Spatial advantage is often cast as the smoking gun of cognitive sex difference. It’s true that men tend to perform better on some tests, including those on which they must mentally rotate one object in space to see whether it resembles another. This is an area with a sizeable gender gap (though, if I need to say it, plenty of women excel at mental rotation, and women tend to perform better on some tests of spatial memory). Spelke suggests that men and women tend to approach certain spatial questions in subtly different ways, meaning that differences in strategy, rather than overall aptitude, may be what’s really at play.

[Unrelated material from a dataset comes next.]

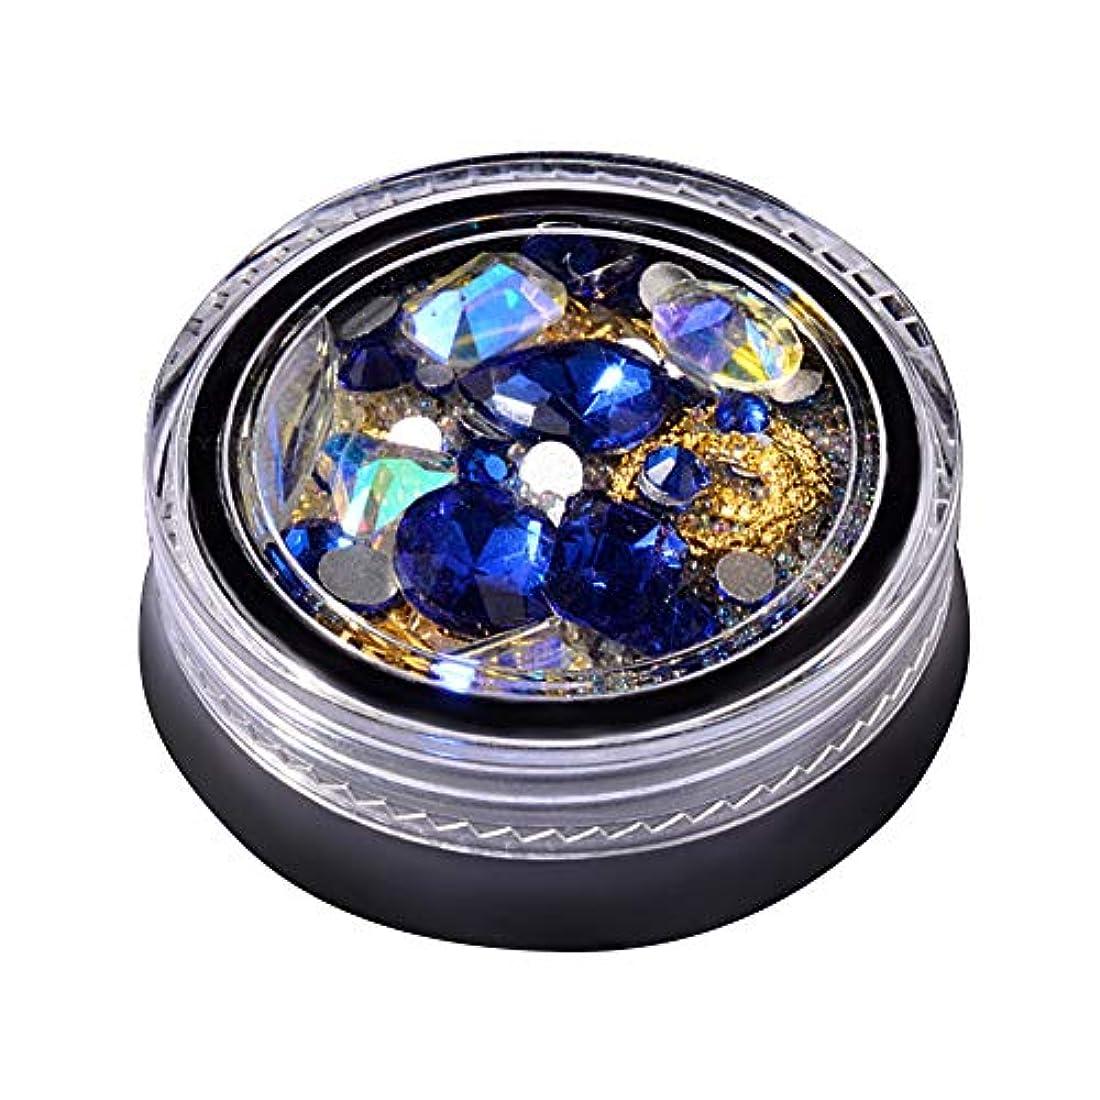 用量レタス実業家ネイルジュエリーネイルダイヤモンド形の多面的な創造的な装飾的な模造ダイヤモンドドリルダイヤモンドは青のDIYネイルアートツールセットの小道具

Some evidence suggests that innate factors like testosterone levels could help explain spatial reasoning differences. But the key point is that for both men and women, these skills can improve a lot with training. Researchers from the Spatial Intelligence and Learning Center, which brings together scientists from several universities, conducted a meta-analysis of more than 100 studies that have examined the effects on men and women’s spatial-reasoning scores of everything from a few hours with a spatially oriented video game to weeks or months in a classroom to projects like dressmaking. Crunching numbers across the studies, the group found that training was associated with a substantial gain in spatial reasoning—comparable in size to almost a 10-point boost in IQ, according to Northwestern University researcher David Uttal.

These are not just weedy lab results—the gains may boost some women’s careers. Consider a program at Michigan Tech University. Since the 1990s, incoming engineering students have taken a test of spatial reasoning during freshman orientation. Students who score poorly are encouraged to attend sessions and do sample exercises to prepare them for an introductory graphics class in which they must visualize and mentally rotate objects. According to a longitudinal study, men and women who received the extra training got better grades in graphics compared with classmates who also did badly on the diagnostic test but did not get further help. What’s more, women who got the extra teaching and encouragement were more likely to remain engineering majors: more than 75 percent, compared with less than 50 percent for women who didn’t do the training. (For men, for some reason, the extra teaching didn’t have this retention yield.)

Of course, when it comes to the diverse precincts of high-level science, spatial reasoning only gets you so far. Rock-star academics don’t necessarily spend their days turning geometric figures around in their minds. Subfields of biology, chemistry, physics, and engineering vary in terms of the skills they require. And plenty of hard problems can be solved in multiple ways. Ultimately, no one really knows what makes a successful scientist. “Sure, mathematical and spatial ability may play a role, but so may creativity, diligence, communication skills, and intellectual risk-taking,” says Ceci. Teaching spatial reasoning is a good thing. But overplaying its importance sells a lot of great scientists short.